I got a free book from Ursinus to read over the summer. It’s not mandatory and personally, I think I’m more likely to read it now because it’s optional. It’s just some story about this guy’s life and I figure if I’m sitting around doing nothing all day I’ll read it. This summer/winterbreak I said I was going to read a book. Anytime I get motivated to read a book I always try to read the same one, This Side of Paradise by F. Scott Fitzgerald. It was one of my 11th grade term paper books and I didn’t read it. I read about the first 40 pages and really liked it but never finished it. I think if I can knock out 2 books this summer, that would be one hell of an accomplishment.
For some reason Wismer had a Luau today to celebrate something. There was a limbo contest and I got suckered into doing it. I know I’m not the most flexible person but I consider myself short enough and able-bodied enough to compete at a moderate level in this thing. There’s maybe 15 people in this contest, 5 from the track team, Mark, Ben, Lance, Jordan, and I. Lance is about 6’2 so I figured there was no way he would beat me. As long as I didn’t get last I was happy. Things start off and it’s a joke, the bar’s 5 feet high and I’m cruisin’ under that thing no problem… but so is everyone else. After 2 or 3 more sessions, I start getting a little worried. No one’s getting out and I don’t know how much lower I can go. Wismer was pretty packed and the crowd was actually interested in this. Ben was first in line and apparently he got out but I think it was on a technicality, plus I didn’t even know he did, so I follow up, awful form, awful technique, and fall flat on my ass in front of everyone. First tard out. Everyone was just waiting for someone to fall like that and when I did the crowd let me hear it. I was furious, a rage fell upon me that is quite common amongst these stupid competitions. In the heat of the moment I get up, start screaming, and slap the limbo bar upward pretty hard. The bar gets caught on the things sticking out and then goes flying off, the one post turns completely sideways, and I’m standing there looking like a total jackass. I apologized and put the bar back but still it was bad. I never fancied myself a Limboist but c’mon. I continued to watch from the side in total amazement as Mark absolutely dominated. Somehow he slipped under the lowest setting and then another one even lower than that. He won a free pizza party, a bitter sweet party that I will have to attend. Either way, I sucked and Mark looked like the man in front of everyone, as he should have. Kudos to you Mark. Ben did okay too… he beat me, but that’s not saying much.
So I finally did successfully install Google Analytics. In the first 24 hours or so I had 42 total visits from 38 different people. Now, I know I posted it as my facebook status so that’s when it should be at it’s highest, so I guess on random days that I don’t post it the numbers drop a lot. I guess I’ll find out. Also, with summer coming up I feel like the number of Ursinus people who read it will probably go down and the number of Upper Dublin people who read it will probably stay about the same.
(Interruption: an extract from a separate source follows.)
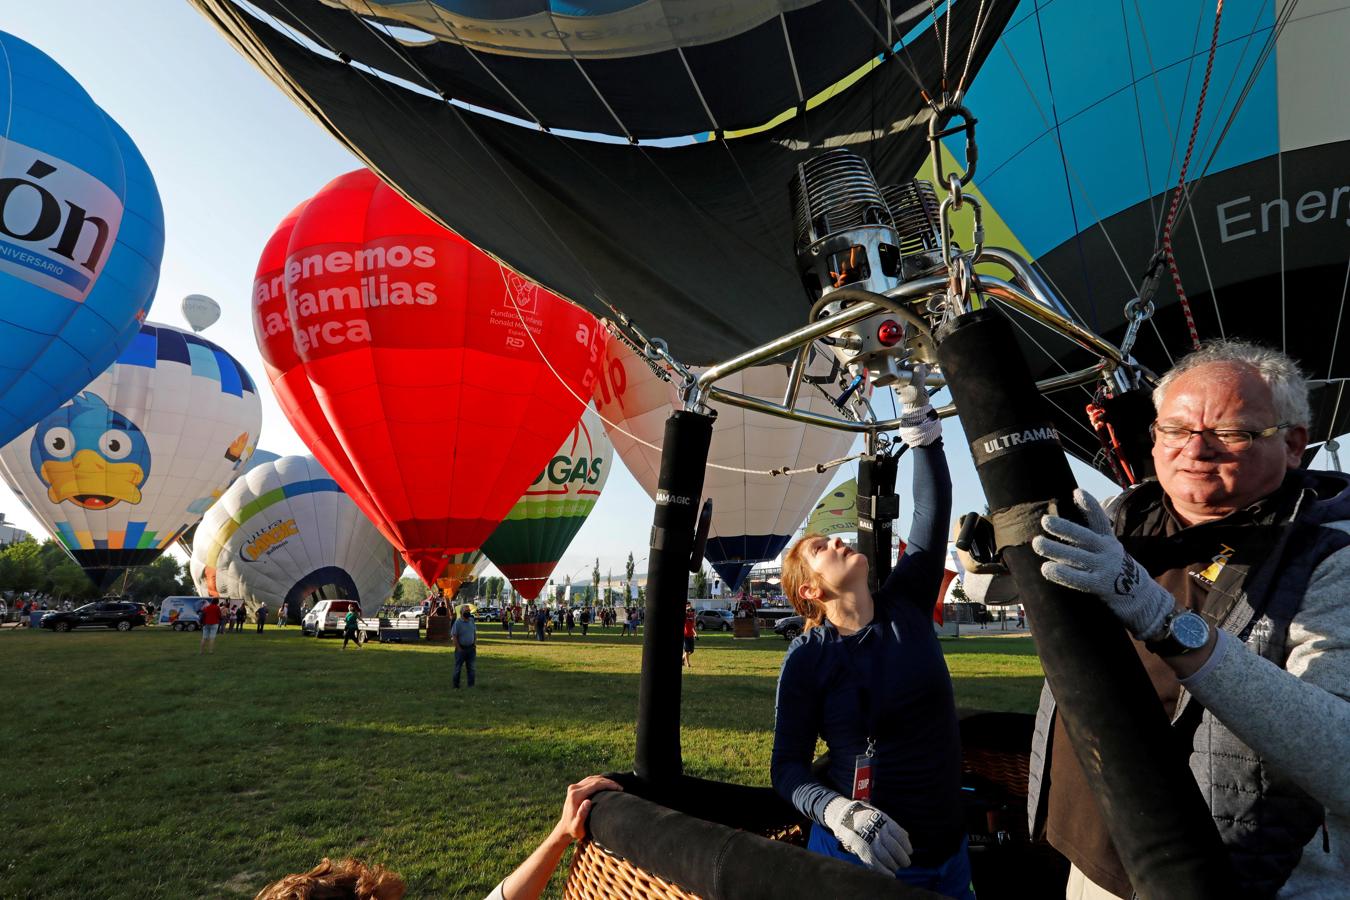 Los últimos detalles. Este año, debido a la situación sanitaria, el European Balloon Festival se celebrará en formato reducido y con los aforos limitados

It could be the opposite, I have no idea. Either way, to have 40 people checking on this thing really blows my mind.
So in about 9th grade I got completely hooked on pistachios. The recent package my mom sent me containing pistachios brought on some flash backs. I would literally sit there playing SOF on the computer Friday and Saturday night with a huge 5lbs back of pistachios and could finish them in a weekend. It gave me awful diarrhea but still they’re were so addicting and so tasty. I only got a 10 ounce bag this time but they’re still amazing. I put them and Cashews at a tie for the best nut. Pistachios encourage work ethic so I think they take the top spot. You have to actually work for each one and that gives you a greater sense of accomplishment. The picture below illustrates the 3 different kinds of pistachios. First up, far right are the easy/preferred ones. These are often found at the top of the bag to make suck you in. Easy to open and the ideal shell. The far left one is a potential. It takes a lot more effort and can draw blood from finger tips or even chip teeth when attempting to open. Over the years I’ve become pretty good at getting these suckers. The middle are the impossibles. With no entry point, these are the nuts that you have to give up on. If I’m in a very angry mood and I encounter one of these, I may step on them or hit them with something in order to show the nut that if I really want to… I will eat you, but otherwise it’s a losing battle. Throw in the towel and toss these ones out.